Policy paper

Statement of Practice 6 (1985)

Published 29 July 1985

Award of goods or services provided via vouchers

1. Incentive scheme awards are often provided by way of vouchers. ITEPA 2003 s 87 [formerly TA 1988 s 141] treats as earnings a benefit an employee can obtain with a voucher provided for him by reason of his employment. The measure of the earnings is the “expense incurred by the person providing the voucher in or in connection with the provision of the voucher and the money, goods or services for which it is capable of being exchanged” (ITEPA 2003 s 87 [formerly TA 1988 s 141(1)]).

2. It is not always easy to decide which incentive scheme expenses beyond the direct cost of buying the goods or services provided for the employee have been incurred “in connection with” the voucher and the benefit it provides. In general, the expenses which should be included in the emoluments calculation are those which contribute more or less directly to the advantage enjoyed by the employee. Remoter expenses—for example, the cost of devising and planning an incentive scheme under which vouchers are to be distributed—need not be included. More details are given below.

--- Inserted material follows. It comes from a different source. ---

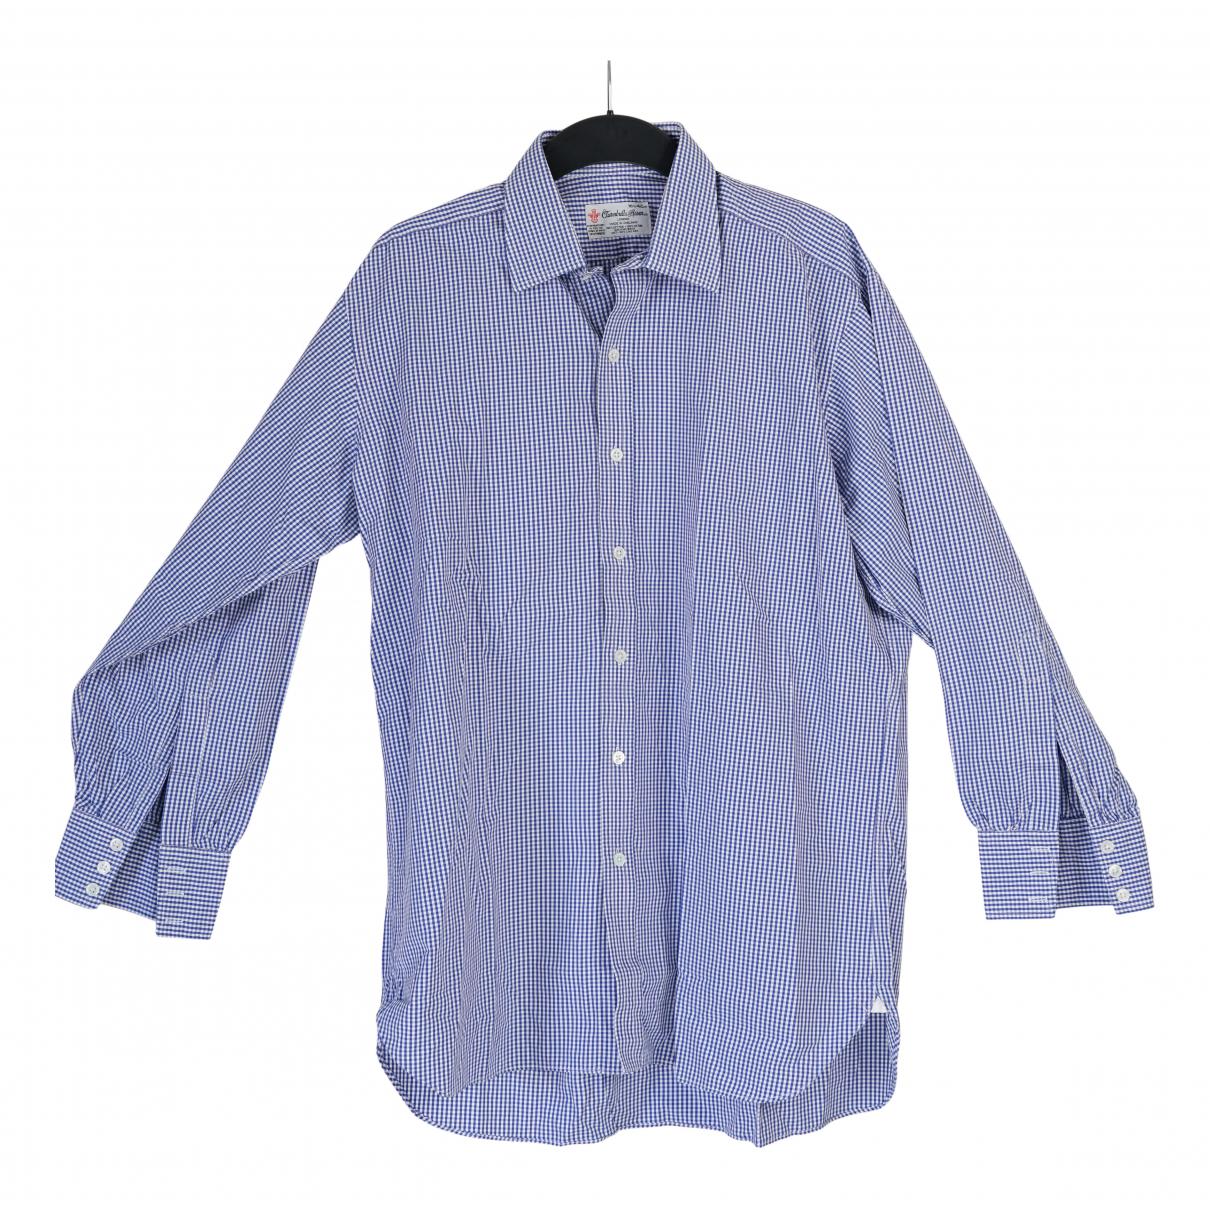 Turnbull & Asser - Chemises   pour homme en coton - bleu

3. (a) Expenses included in the computation of emoluments:

  • (i) cost of buying the goods or providing services
  • (ii) cost of selecting and testing those goods or services
  • (iii) cost of storing, distributing and installing the goods or, if appropriate, services
  • (iv) cost of servicing and other ‘after sales’ expenses
  • (v) where a third party is used to distribute the awards or to run an incentive campaign, his fees for handling functions within (i) to (iv) above

(b) Expenses excluded from the computation of emoluments:

  • (i) cost of management time in considering whether or not to launch a scheme involving the provision of vouchers
  • (ii) cost of researching, devising and planning such a scheme
  • (iii) cost of preparing and printing promotional material relating to the provision of the voucher
  • (iv) cost of administration (including the costs of meeting the HM Revenue and Customs’ (HMRC) requirements) except for the functions covered in (a) above
  • (v) where a third party is involved, as in (a)(v) above, his fees for handling functions within (b)(i) to (iv) above

Retail vouchers

4. Awards sometimes consist of vouchers which are exchangeable for goods etc at retail shops or stores. Generally, the costs set out in para 3(a)(i) to (iv) above will largely consist of the price paid to the shop etc for the vouchers. The cost of distributing the vouchers to award winners and the fees of any third party within para 3(a)(v) will also need to be included.

Other benefits

5. The computation of the benefit of incentive awards assessable under Income Tax (Earnings and Pensions) Act 2003 ss 94, 203 (formerly Taxes Act 1988 ss 142, 144, 154) will follow broadly similar principles.

Computations

6. When agreeing the assessable benefit of awards made under incentive schemes the total costs should be analysed between the headings in paras 3(a) and (b) above.

Taxed award scheme

7. On 2 November 1984 a press release announced voluntary arrangements for collecting tax at the basic rate on non-cash incentive prizes awarded to employees. On 18 January 1990 a press release announced the arrangements had been extended to cover higher rate liabilities. These arrangements are known as ‘taxed award schemes’. The approach described above will apply to awards dealt with under such arrangements as well as to all other incentive awards. The Incentive Award Unit will continue to deal with all applications for taxed award schemes and will agree the amounts to be treated as emoluments. Awards under other schemes will be dealt with by the tax office which normally handles the Pay As You Earn scheme of the provider of the award. Further details of taxed award schemes may be obtained from:

HM Revenue & Customs Local Compliance
Specialist Employer Compliance
SO794
PO Box 3900
Glasgow
G70 6AA

Telephone: 03000 577340
Email: Incentive Award Unit

Press releases etc

Inland Revenue 18 January 1990 (employers may also meet an employee’s higher rate liability, in addition to basic rate liability, under a taxed award scheme).

Note: this statement is as it appears in HMRC’s Statements of Practice (March 2009).